Hogs are raised on the farm of Gordon and Jeanine Lockie April 28, 2009, in Elma, Iowa. (Photo by Scott Olson/Getty Images)

I’m an independent Missouri farmer and livestock producer, and JBS, the largest meatpacker in the world and a Brazilian corporation, is attempting to put a 10,500 head hog operation next to my community and the Poosey Conservation Area in Livingston County.

The Missouri Department of Natural Resources is in the process of giving Missourian’s water rights to industrial-sized Concentrated Animal Feeding Operations, commonly called CAFOs, for use as sewers.

DNR is attempting to exclude “perched water” in the definition of groundwater.

Why? It’s because they found perched water on the site where they are trying to build the JBS hog operation, which is getting in the way of them getting their permit approved. Hundreds of people from my area, farmers and rural citizens, are completely opposed to this foreign controlled CAFO fouling our water and air and property rights. In many cases, for many of us the perched water table can be the only freshwater source of groundwater that is reasonably available.

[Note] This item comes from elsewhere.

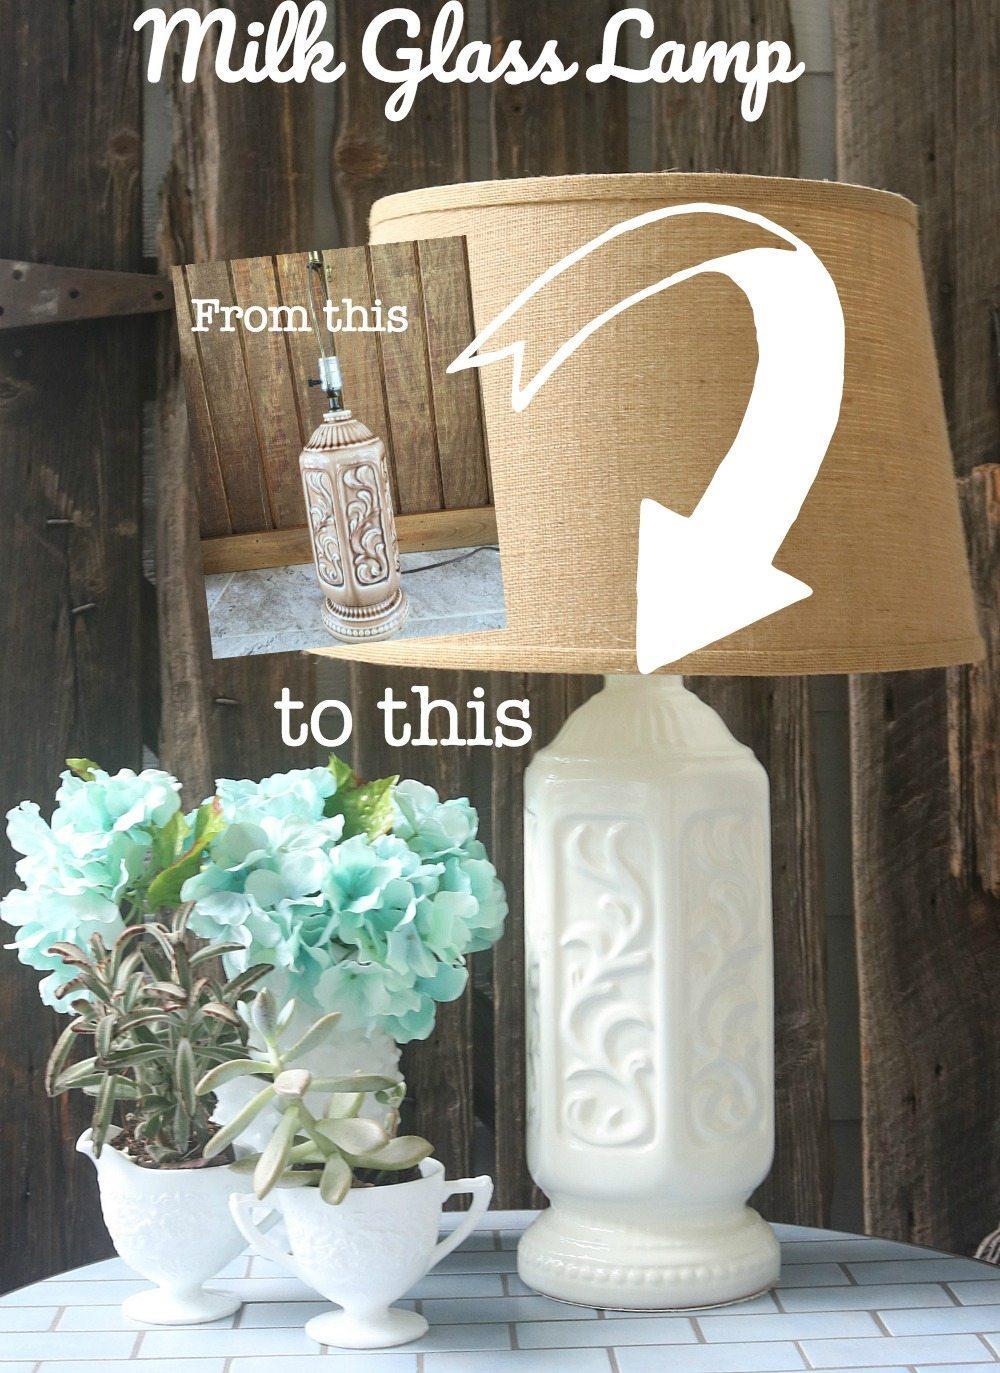 Milk Glass lamp transformation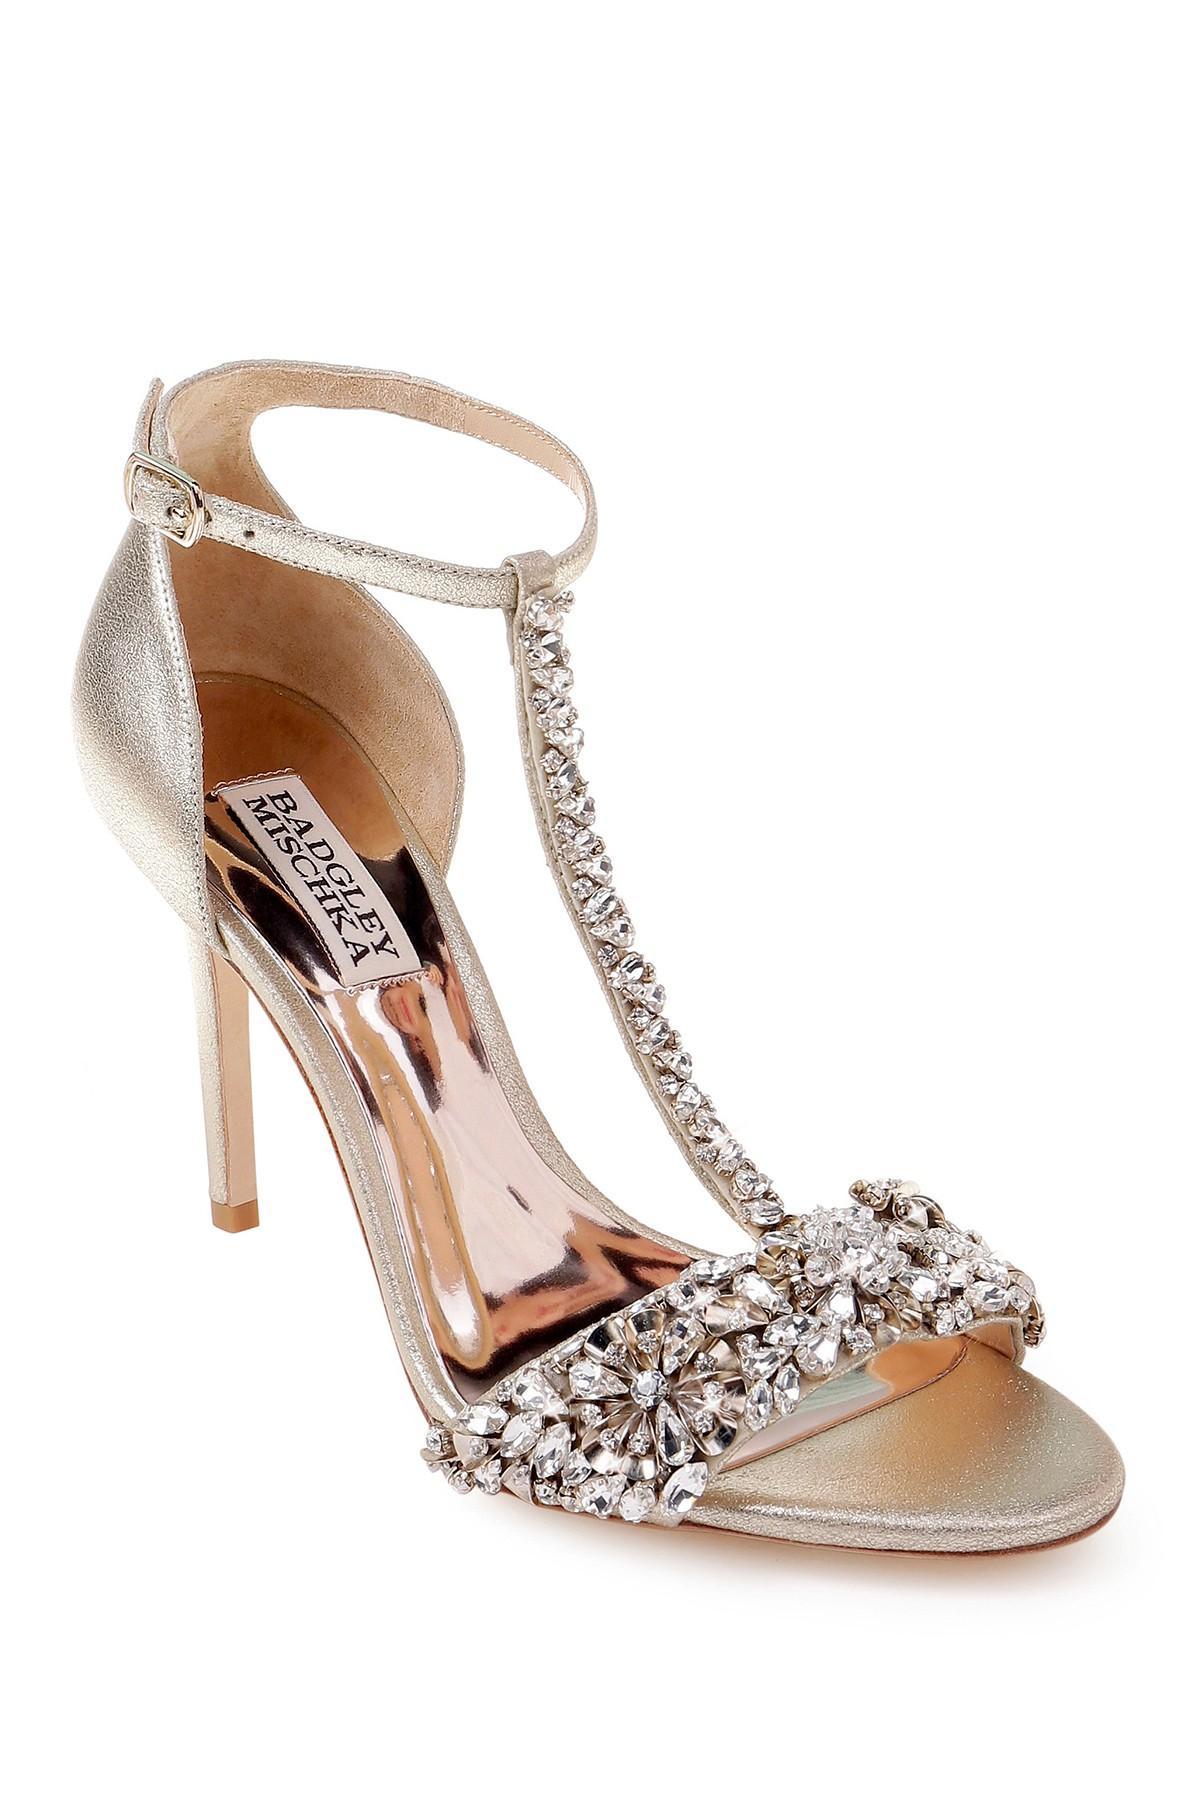 ae9a07a160d Badgley Mischka - Multicolor Crystal Embellished Sandal (women) - Lyst.  View fullscreen

We know how precious our groundwater is, especially in north Missouri.

And, supposedly, so does DNR. They state on their website: “You will find that the groundwater resources of Missouri are not evenly distributed. The amount of usable groundwater is far less in northern Missouri. Only about 12 percent of Missouri’s potable water is found north of the Missouri River.”

DNR’s site goes on to say, “Thus, a resource that many may take for granted in the southern part of the state is considered a precious commodity in the north.”

This begs the question: If we exclude significant sources of groundwater from the regulation of CAFOs, how long will our good, usable and limited water exist?  A year or two?  Ten years?  A generation?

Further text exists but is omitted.